Senonchè, dopo la Lega Lombarda, vennero le divisioni municipali, le intestine discordie; rammentate, o signori, quei dolorosi versi del grande Alighieri:
Ed ora in te non stanno senza guerra
Li vivi tuoi, e l’un l’altro si rode
Di quei che un muro ed una fossa serra.
E sopra queste divisioni prese grand’impero il feudo, sopra queste divisioni s’assise tenebroso, funesto il dispotismo feudale; sopr’esso ancora la dominazione straniera, la servitù dell’Italia!
Ebbene, in mezzo alle sparse membra di questa Italia nostra, fra le divisioni municipali, fra le discordie dei comuni, fra le piccole guerre dei tirannelli, oh! la Provvidenza trovò la mano, la Dinastia, la quale riunisse il concetto dell’ita-
Non rammenterò quel dì, in cui Corrado il Salico disse ad Umberto dalle Bianche mani: tu governerai la Savoia, e governerai parte dell’Italia superiore.
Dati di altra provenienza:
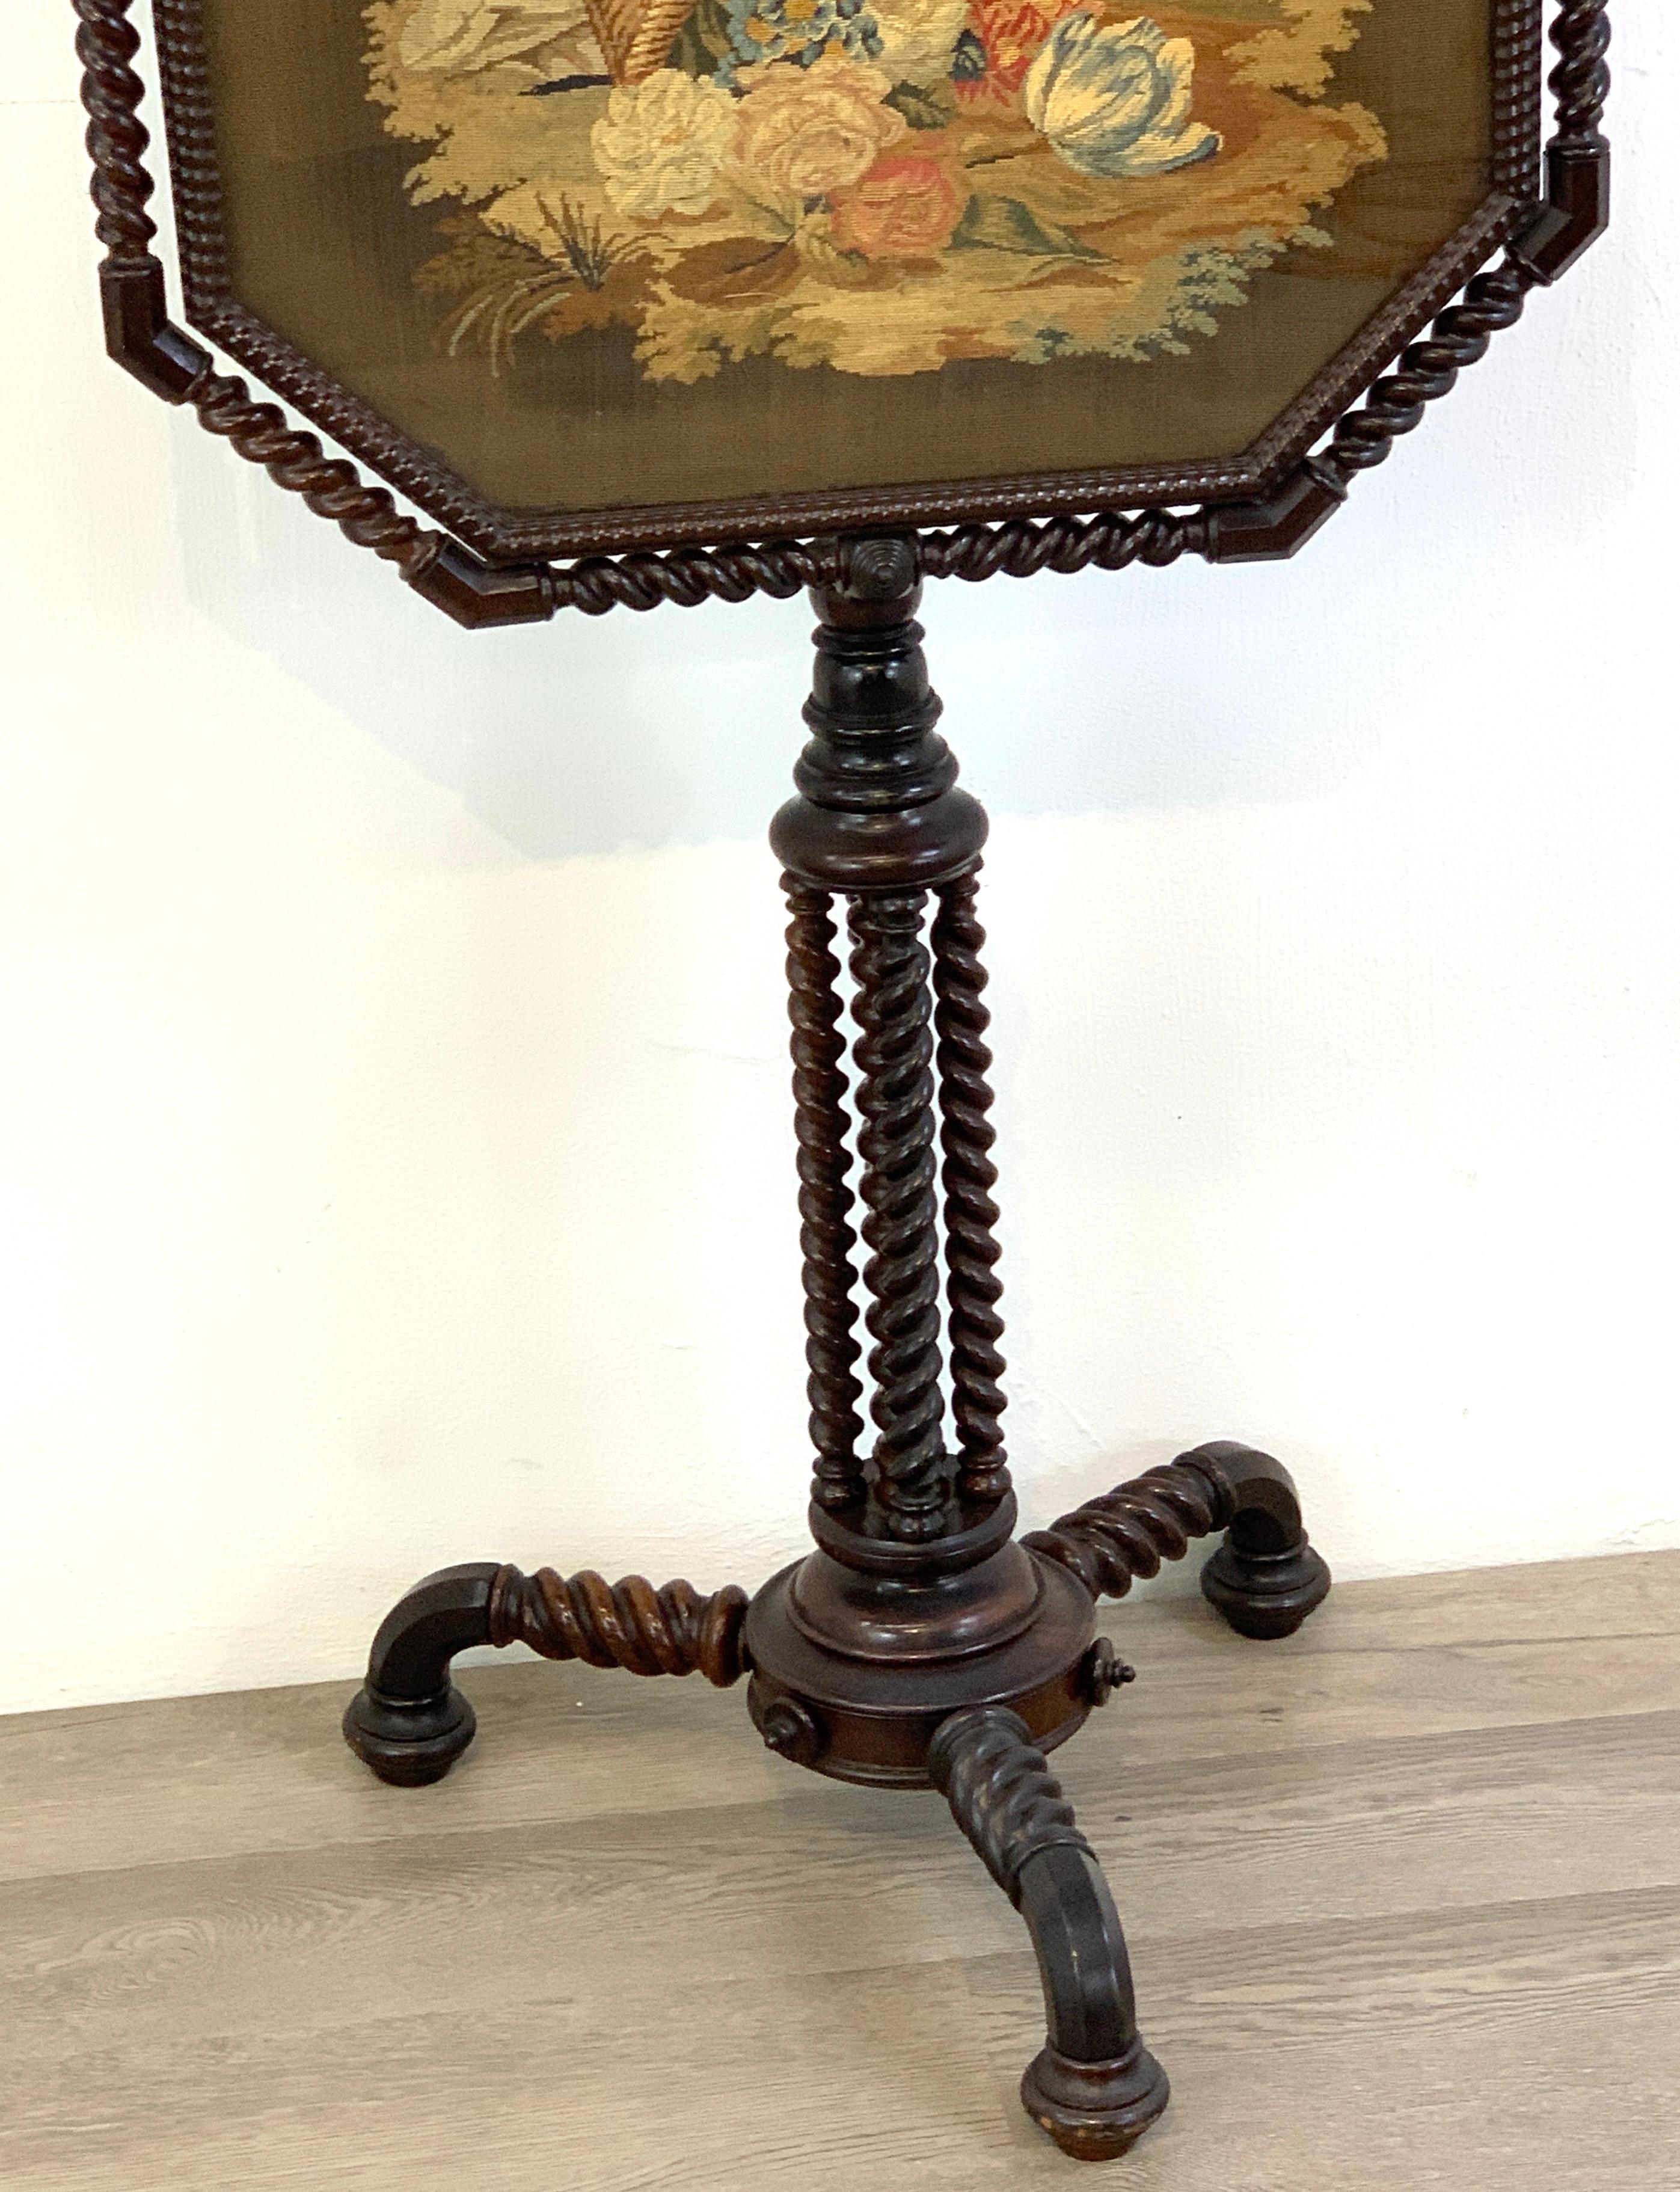 Wool Exquisite 19th Century Rosewood & Needlepoint Cockatoo in Landscape Firescreen For Sale

Io non salirò ad esso, ma pure, poichè è il capo della Dinastia di Savoia, concedetemi che io dica che Umberto intese i destini a cui era chiamata la sua discendenza, e da quel giorno forse l’intese anche l’Italia.
Ma io trasvolo immantinenti pei secoli, e vengo alla metà del secolo xiv.
Un signore della Casa di Savoia, che aveva la veste, lo scudo, l’armi, la lorica del colore della speranza, Amedeo VI, il Conte Verde, scende dall’Alpi, e ne scende con quei pensieri, i quali, maturati di età in età, dovevano compiere la grande opera dell’unificazione italiana.
Egli percuote la feudale potenza dei Marchesi di Saluzzo, dei Marchesi di Monferrato, dei Visconti, di Giovanna di Napoli, della Casa d’Angiò, e pone le prime basi del gran principio della unificazione italiana.
Io non esporrò la lunga serie dei Principi di Savoia, i quali tennero dietro al Conte Verde, ma mi arresterò un istante ad Amedeo VIII, poichè mi vi chiama un’osservazione giustissima dell’onorevole Ferrari.
Sigismondo innalzò il conte Amedeo VIII a duca di Savoia; era l’età delle Marche; il ricordava ieri l’onorevole Ferrari nel suo discorso. Ebbene io veggo in quell’atto medesimo, che è, se non erro, del 19 febbraio 1416, intitolarsi Amedeo VIII, marchese d’Italia. Ed era una gran marca l’Italia; e quel titolo di marchese d’Italia non suona il titolo per avventura di Re?
Voi vedete dunque che non dobbiamo risalire all’Italia dei Goti, dei Longobardi, dei Franchi, dei Re tedeschi; noi risaliamo ad Amedeo VIII.
Chi di voi non rammenta Emanuele Filiberto, splendore d’Italia, splendore delle armi italiane, splendore della dinastia? Che dico, o signori? Vindice di libertà.
Ed io, ad onore di quel grande, vi rammenterò un suo editto del 20 ottobre 1521. A quell’epoca pur troppo era ancora in Italia la servitù personale. Ebbene il principe così diceva:
«Posciachè piacque a Dio di restituire l’umana natura alla primiera sua libertà; e sebbene i principi cristiani abbiano da gran tempo abolita ogni altra servitù, vi hanno ancora le angherie, vi hanno ancora i personali servizi. Sentendo nell’animo i lamenti di questi infelici, e proponendo, a sollievo e ristoro di questo popolo, ogni speranza di nostro lucro particolare, vogliamo adoperare, come si conviene a buon Principe, con ogni magnificenza, con ogni clemenza, con ogni benignità, e gli proscioglieva da ogni servitù personale.»
Diceva l’onorevole Ferrari che egli voleva i principii del 1789. Sì, signori: io pure li voglio. Ma noi siamo alteri di risalire più alto.
Il 4 agosto 1789 si aboliva la servitù personale in Francia; a quell’epoca un milione e mezzo di persone ubbidiva ancora a quella servitù personale, che Emanuele Filiberto aveva estinta fino dal 1521.
Vedete, o signori, che io vi porto innanzi glorie domestiche, e glorie che le altre nazioni ebbero qualche secolo di poi.
Vi rammenterò io quindi i nomi di Vittorio Emanuele II, di Carlo Emanuele III? Vi dirò io come essi furono grandi e nobili principi e valorosi soldati, e strenui propugnatori dell’unità, dell’indipendenza d’Italia? Voi lo sapete.